• _EXERCISE DETAILS_
Everything in the listing below should be repeated verbatim, apart from the pictures.

• _SUPPLIED INFORMATION_
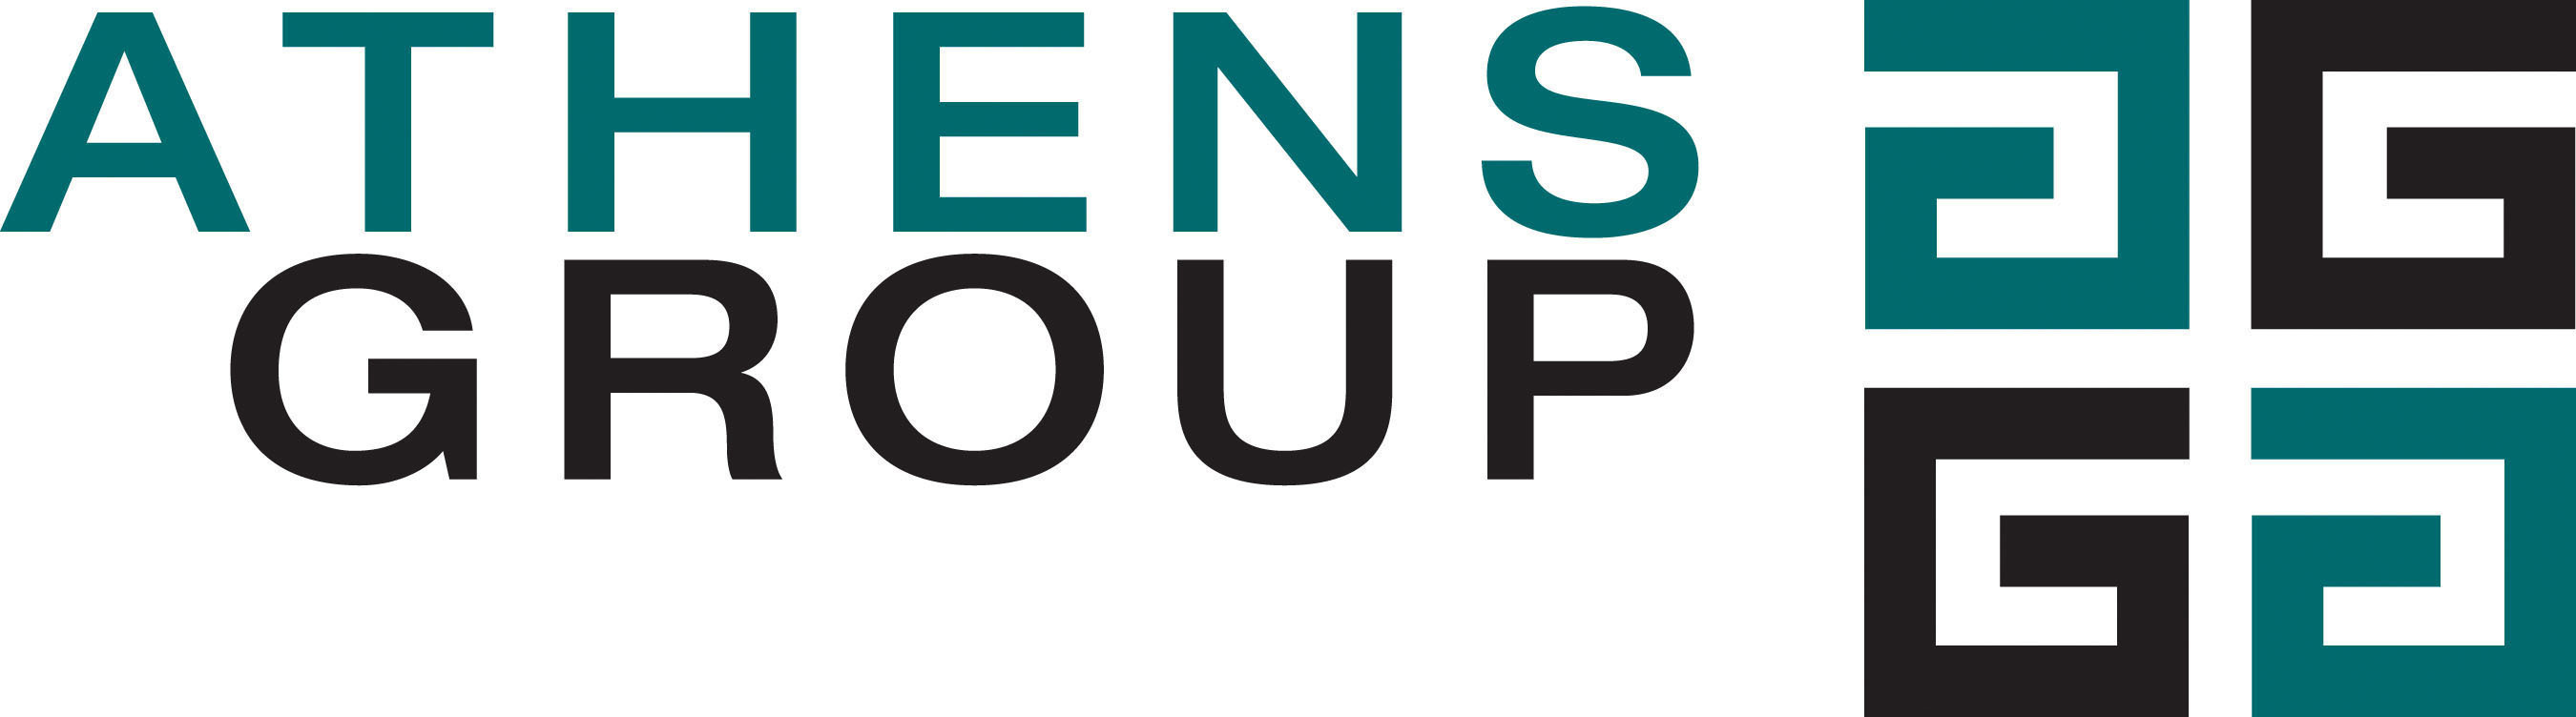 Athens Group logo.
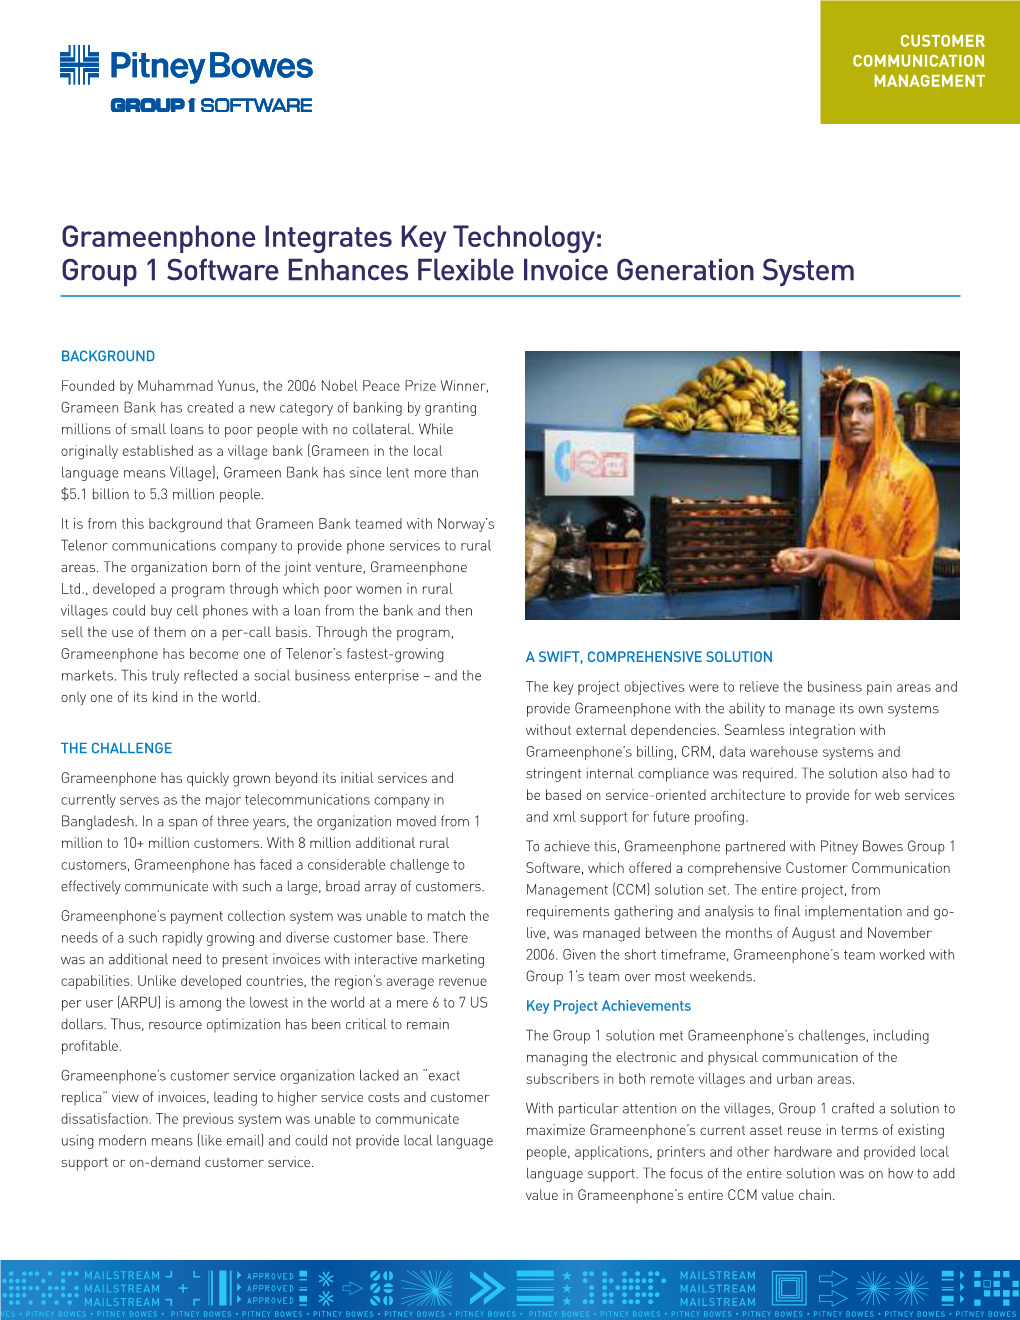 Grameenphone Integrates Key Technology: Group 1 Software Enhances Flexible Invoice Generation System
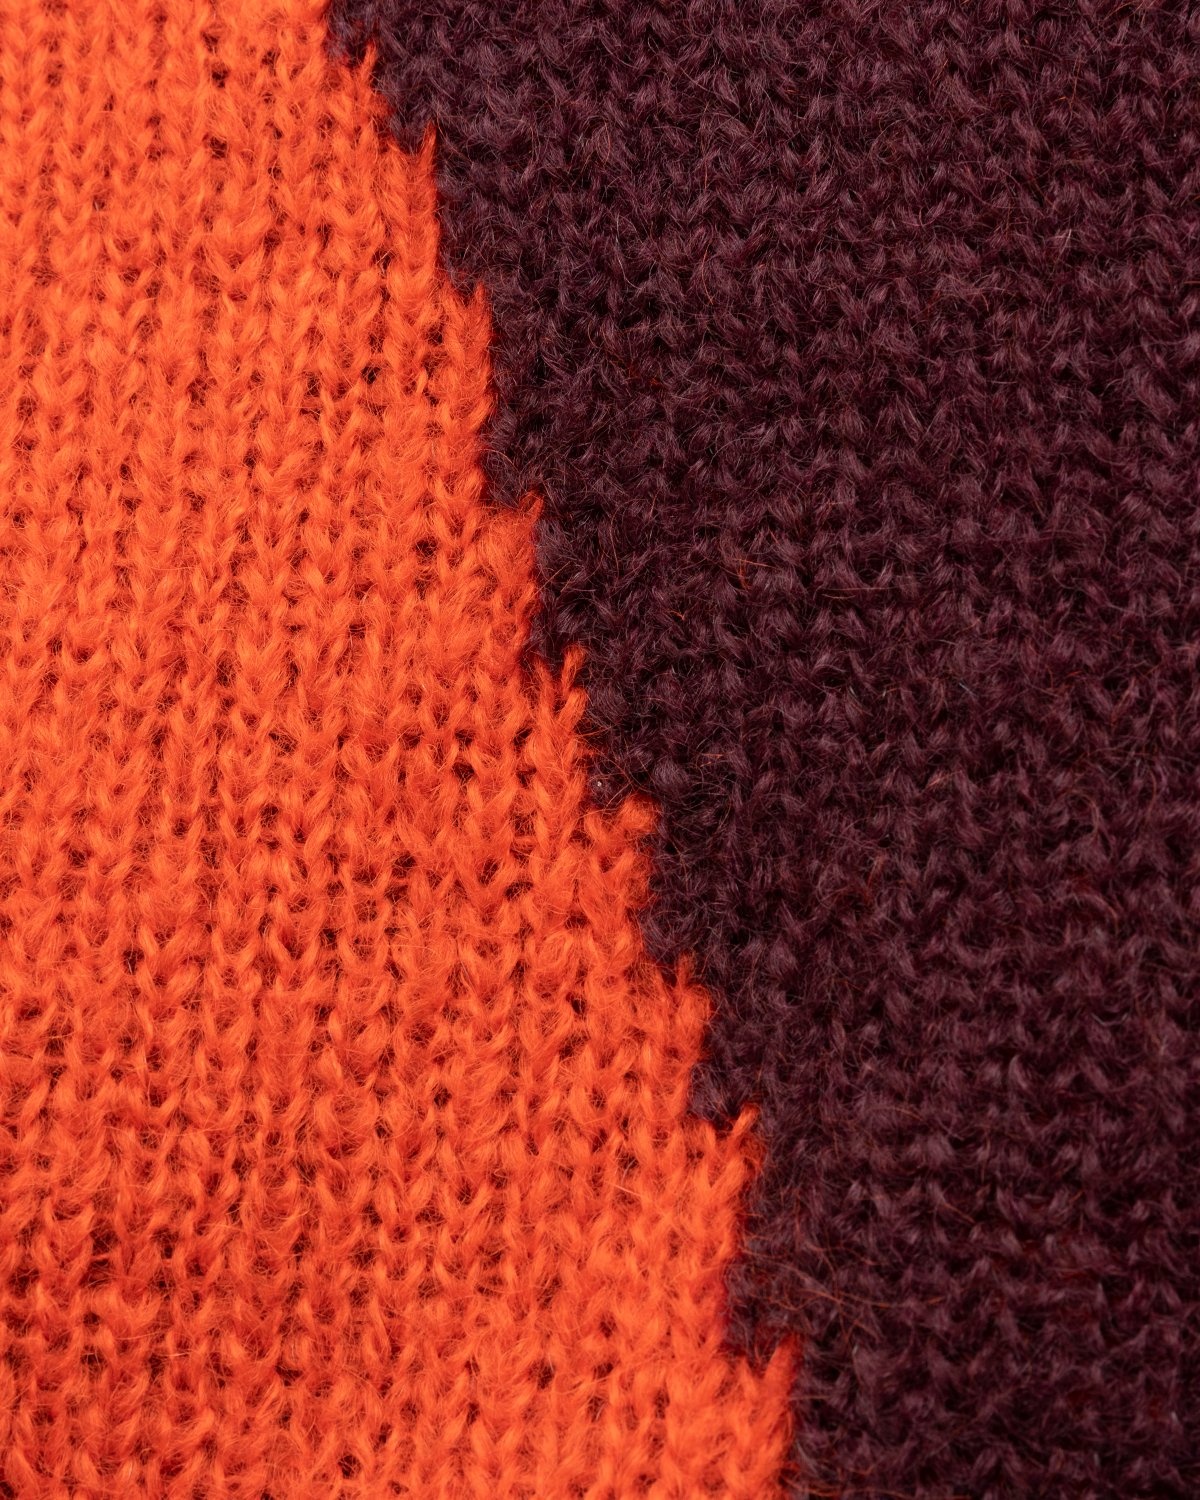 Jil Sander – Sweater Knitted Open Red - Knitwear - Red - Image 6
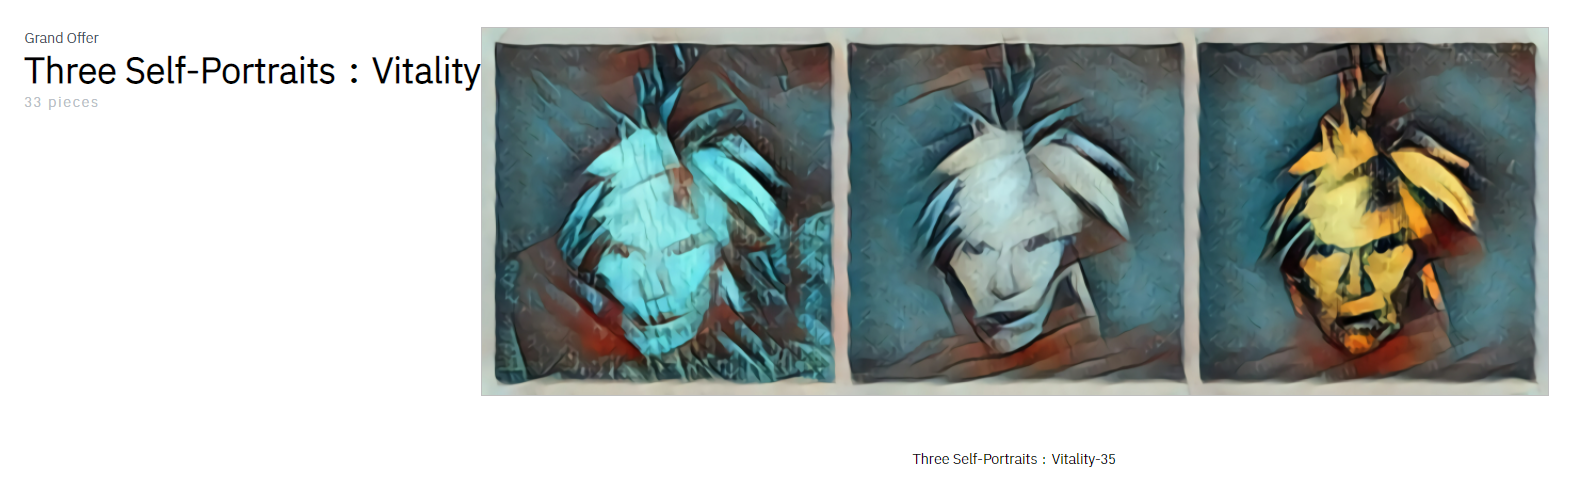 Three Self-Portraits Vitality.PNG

• _YOUR SOLUTION_
 Athens Group logo.
 Grameenphone Integrates Key Technology: Group 1 Software Enhances Flexible Invoice Generation System
 Jil Sander – Sweater Knitted Open Red - Knitwear - Red - Image 6
 Three Self-Portraits Vitality.PNG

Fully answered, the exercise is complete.